Fair enough, but wouldn't we all be better off if every content producer were doing something similar? If clubs that hire pirate KJs were getting hit from all sides, we wouldn't be competing with as many of them.

Not so.
Demand for karaoke continues to grow.
The Singing Machine sells 1 million karaoke machines per year (all of which must be fed with music) at a net sales of 48.9 million dollars this year alone. Stingray Digital boasts of 400 million pay per view subscribers worldwide. New karaoke versions of songs are created by producers on a daily basis.
This vast demand in the home consumer market fuels the demand in the public entertainment market.

Here's a link: http://satprnews.com/2016/11/21/stingra ... -holidays/

When a venue owner successfully exploits that demand, onlooking venue owners seek to replicate that success for themselves.
Since a karaoke show is a commodity limited by the time constraints of the number of songs that can be performed in a single show, there will be an increasing overflow of singers that will seek venues that can fit them in to sing which will foster competition.

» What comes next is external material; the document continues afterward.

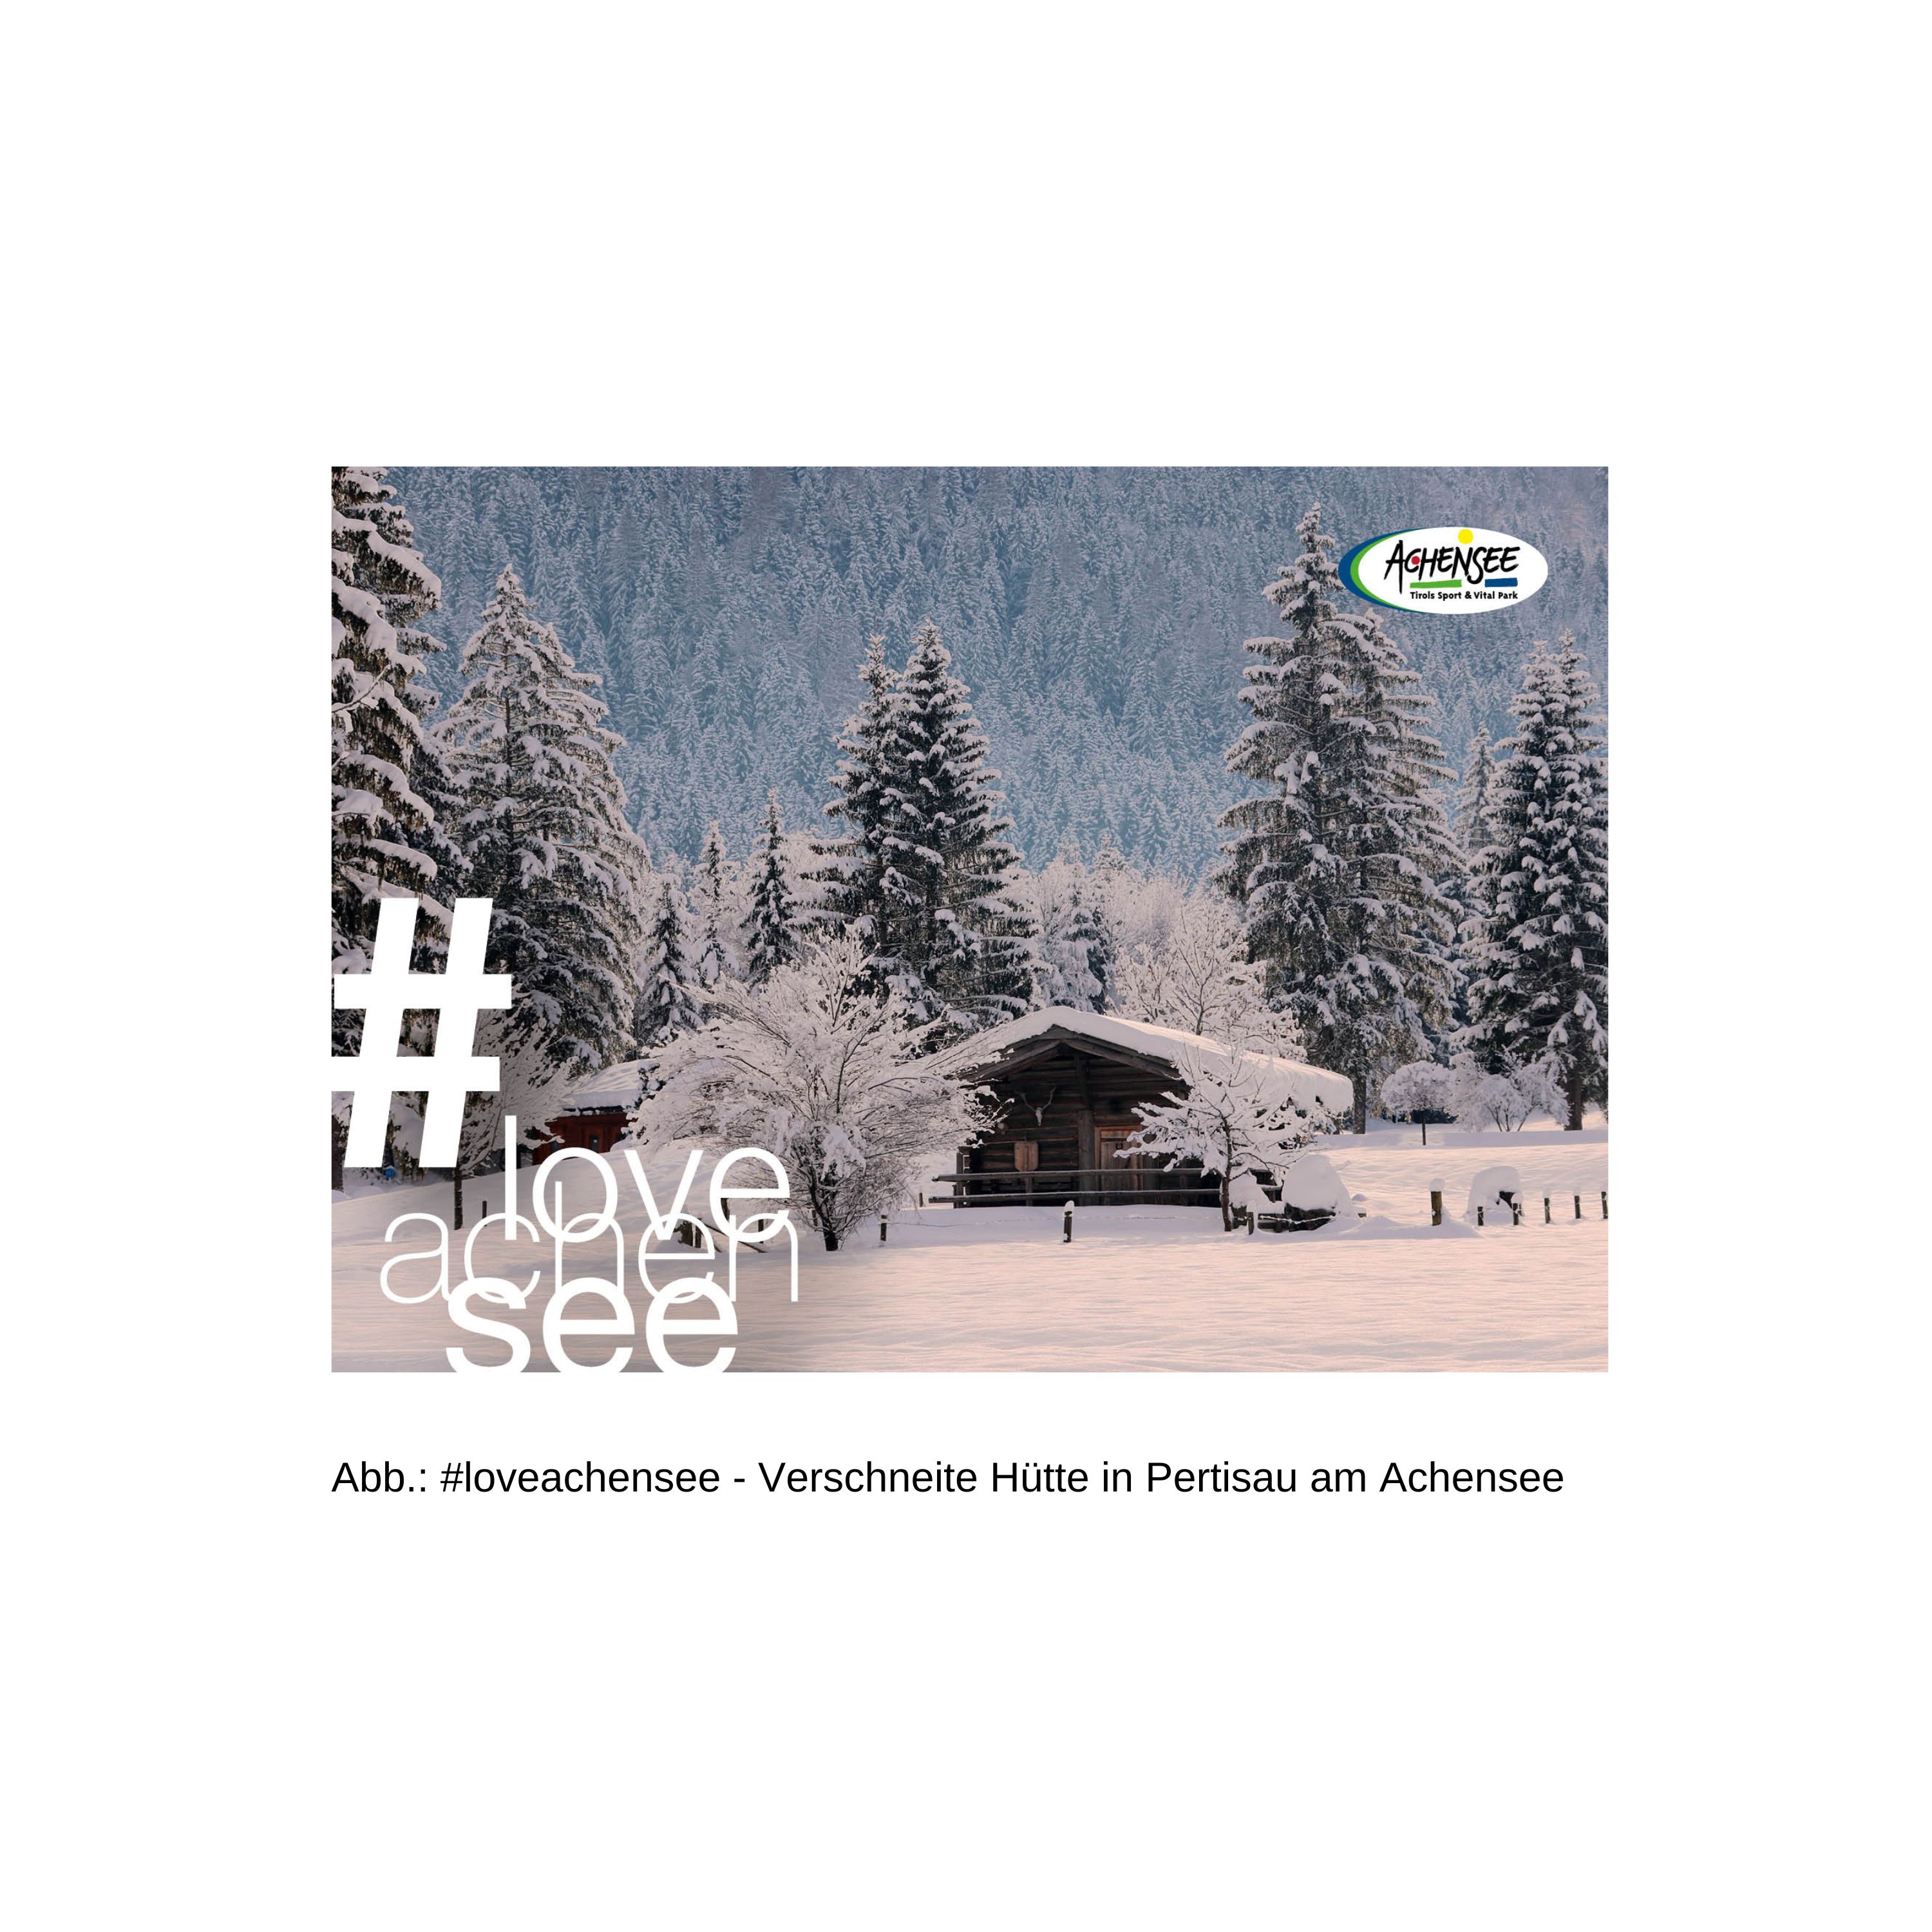 Postkarte mit einer verschneite Hütte in Pertisau

The technology has continued to advance over the past thirty years and the means to operate and maintain a karaoke sing-along is no longer a mystery to the masses. We are nearing a point where the technologically competent are almost born that way, and some of the equipment that is being sold as toys for the children these days can out perform most of the stuff the pioneers in the industry started out with at a much lower price.
The days of paying someone a high price for their mysterious organizational cd purchasing and playing skills because a karaoke offering itself would bring in loyal crowds are nearing their end.
Neither suing operators into paying fees to stay in business, nor suing them to leave the business will stem the tide of the endless supply of those who can and will easily enter the business.
It will be doing the things that others can't or won't do that will have the greatest impact on ability to compete at a level that is worth competing for.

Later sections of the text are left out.